Instagram changes policy — can now sell your photos

Created by Lashe on Dec. 18, 2012, 3:07 a.m.
  • As a pretty active user of the Instagram service since purchasing my iPhone, I was pretty affronted when the company announced their new policies last night which allow them to access and sell photos you host without any notice, permission or accreditation — and there's no abilty opt-out.

    It's bothered me enough to want to look out for another social alternative. I kept my followers/following down to my close friends, so I wasn't necessarily as invested in the network as others may be. This morning, I stumbled across Lightt — a beautifully designed app and slightly different spin on the social image sharing with good, deep Facebook integration. Might give it a go.

    Anyone else bothered/affected by this change?

  • I am not affected as I don't use instagram but they are going too far in my opinion. I know facebook needs to make their money back after spending $1bn, and I am happy that my data is shared to target adverts to me and in order to customise services but I should retain all rights to my own image and profie. It took a good while to figure out how to shut facebook off from using me to advertise products to my friends but at least they give that option. The worst thing for me is that accounts for children 13-18 are not exempt and could be used too. Not cool.

    I talk about my views in full on my blog post here

  • Wow, I'm glad that I do not use instagram.

  • Does Facebook's policies allow them to do this already?

  • How horrible and shocking! A company owned by an advertising company will sell the photos you took on your mobile advertising platform for advertising.

  • @AwesomeAndy:  Facebook should be treating Instagram like a product and finding ways to monetize.

    In this equation, I am Instagram's product, rather than the user of a product. That's where it becomes wrong.
  • @Lashe: So do you never use Google products? Because, guess what: you are also Google's product. (This is also likely true of Apple, MS, Yahoo, etc., but Google is probably the most universal of them.)

  • @AwesomeAndy: Well, not liking isn't the same as not using. With google, you can at least adblock and prevent the eventual outcome: targeted ads. You can also opt out of data collection (I think?) and get generic ads.

    Also unlike google - with instagram you are not the product. But you do create the product.

  • Like AtomicEdge said, I'm pretty sure Facebook does this already. Since Instagram is owned by them, I don't see why anyone would be taken by surprise (or give a fuck).

    Since I'm a Windows Phone user I don't care either way, but I would like to see Flickr's social stuff get better. Then people will start using a better product, because some pictures on Flickr actually matter. And I'd rather see a bunch of hipsters start using Flickr than Yahoo go under.
  • @Conmused: Yes, please continue to rationalize away how the company you like doing something you don't like is okay while one you don't like doing the same thing is not.

  • @AwesomeAndy: What? I'm not saying either are okay. I'm saying both are bad, but at least you can work around one a little.

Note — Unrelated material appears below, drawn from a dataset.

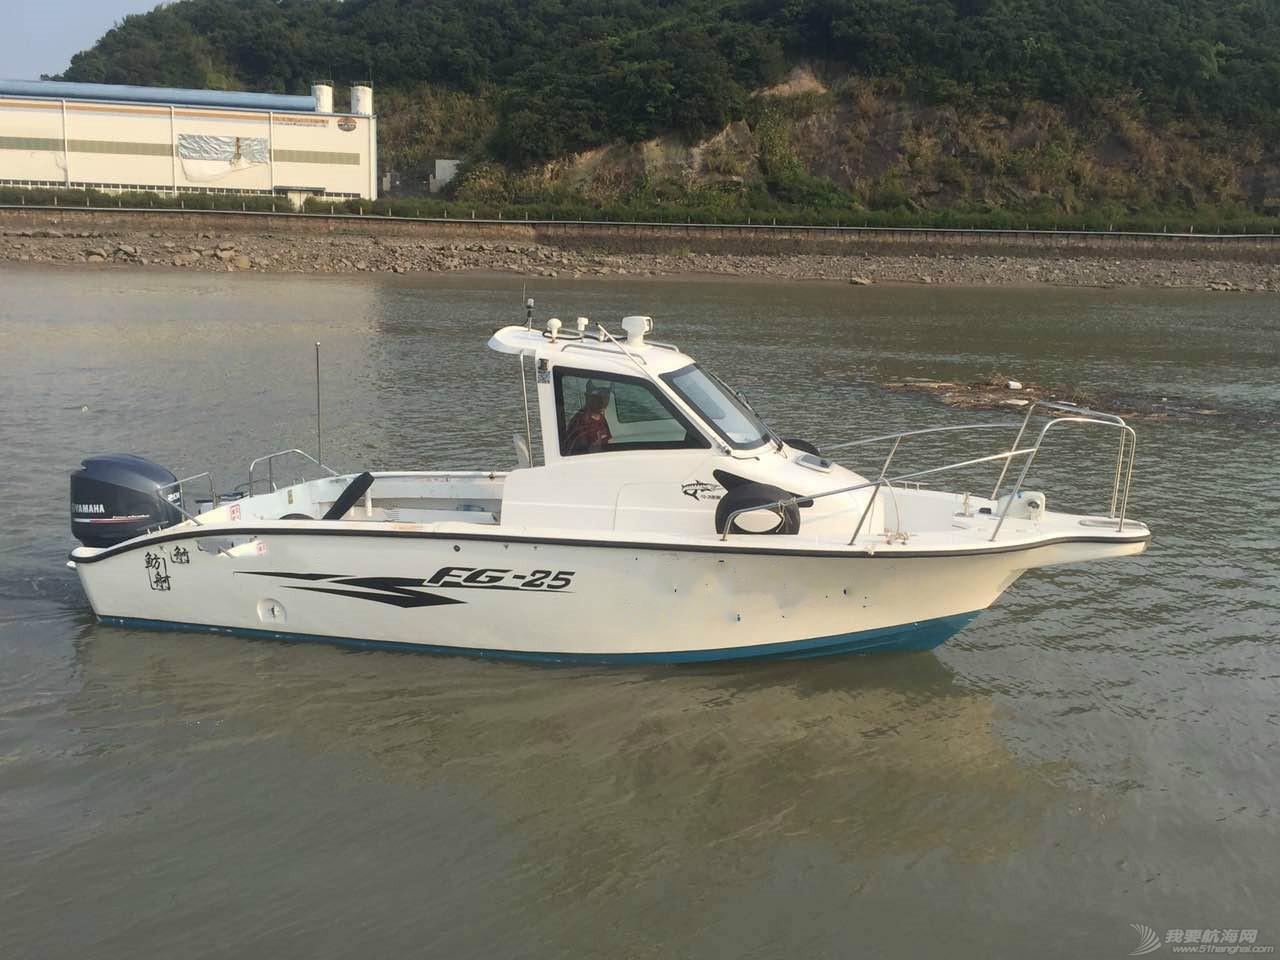 7.5米带有效三证国产钓鱼艇
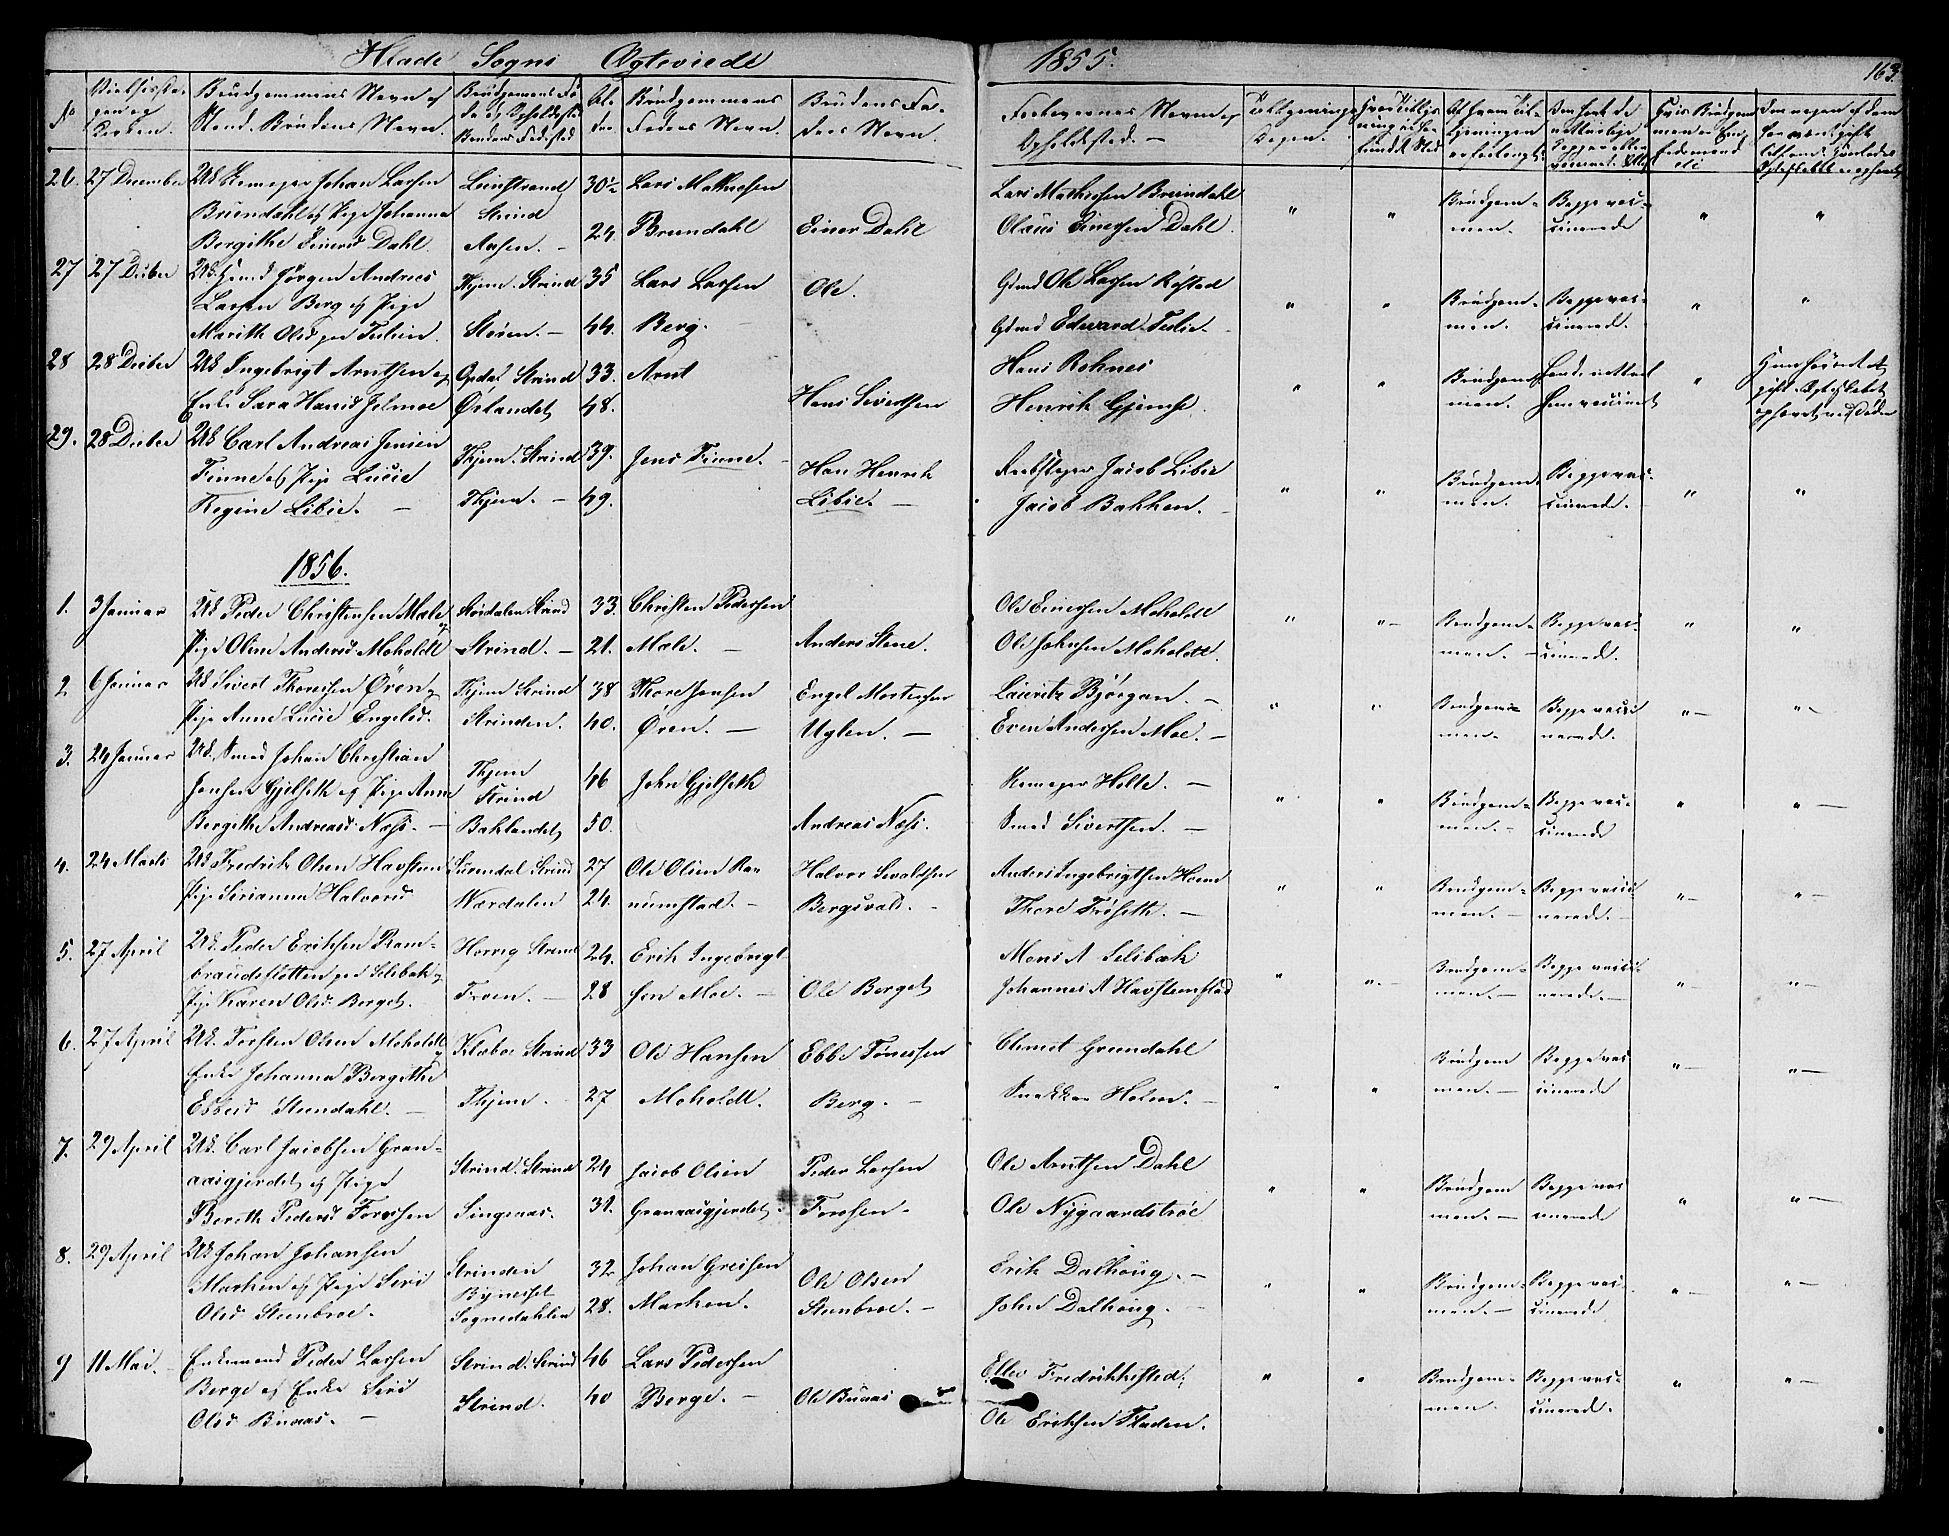 SAT, Ministerialprotokoller, klokkerbøker og fødselsregistre - Sør-Trøndelag, 606/L0310: Klokkerbok nr. 606C06, 1850-1859, s. 163

  • Okay, my first reaction was big deal they're selling stuff to advertisers. then someone pointed me to this Nick Bilton tweet and the following conversation. If you scroll down to the conversation between Nick Bilton and Ryan Block (who runs GDGT) you get to what's disturbing about this change.

    Instagram will sell your likeness as an ad, post it to people's feeds and not disclose that it's an ad. Seriously, even google and Facebook don't go that far as to use my content as ads undifferentiated in my stream.

    Using my content as ads I can accept, not really sure I can accept them not marking it as an ad.

    Added: taken with their absurd decision to pull support for Twitter, an app I'm much more connected to, I'm way less interested in Instagram than I was two weeks ago.

  • Instagram just signed their own death warrent

  • @thenexus: Probably not. While news might be going viral in tech circles and on twitter, the average user of Instagram is going to be all "yes yes whatever, accept terms, let me take my photos". People had the same reaction when Facebook did a similar update, and they're still doing preeeeeeetty okay, I must say.

  • OH NO, they've gained sole ownership of the world's sepia-tone street signs and images of food! Actually I'm really concerned about the fact that it's retroactive.

    Maybe concerned's too strong of a word.

  • So, my go-to source for this kind of stuff is Nilay Patel. Because he used to be a copyright lawyer. To me, that basically gives him more internet-street-cred than anyone else.

    Anyway, he wrote an article to clear up the confusion about Instagram.

    In a hurry? Too lazy to read? They posted talking points in big orange text to explain the gist of it all.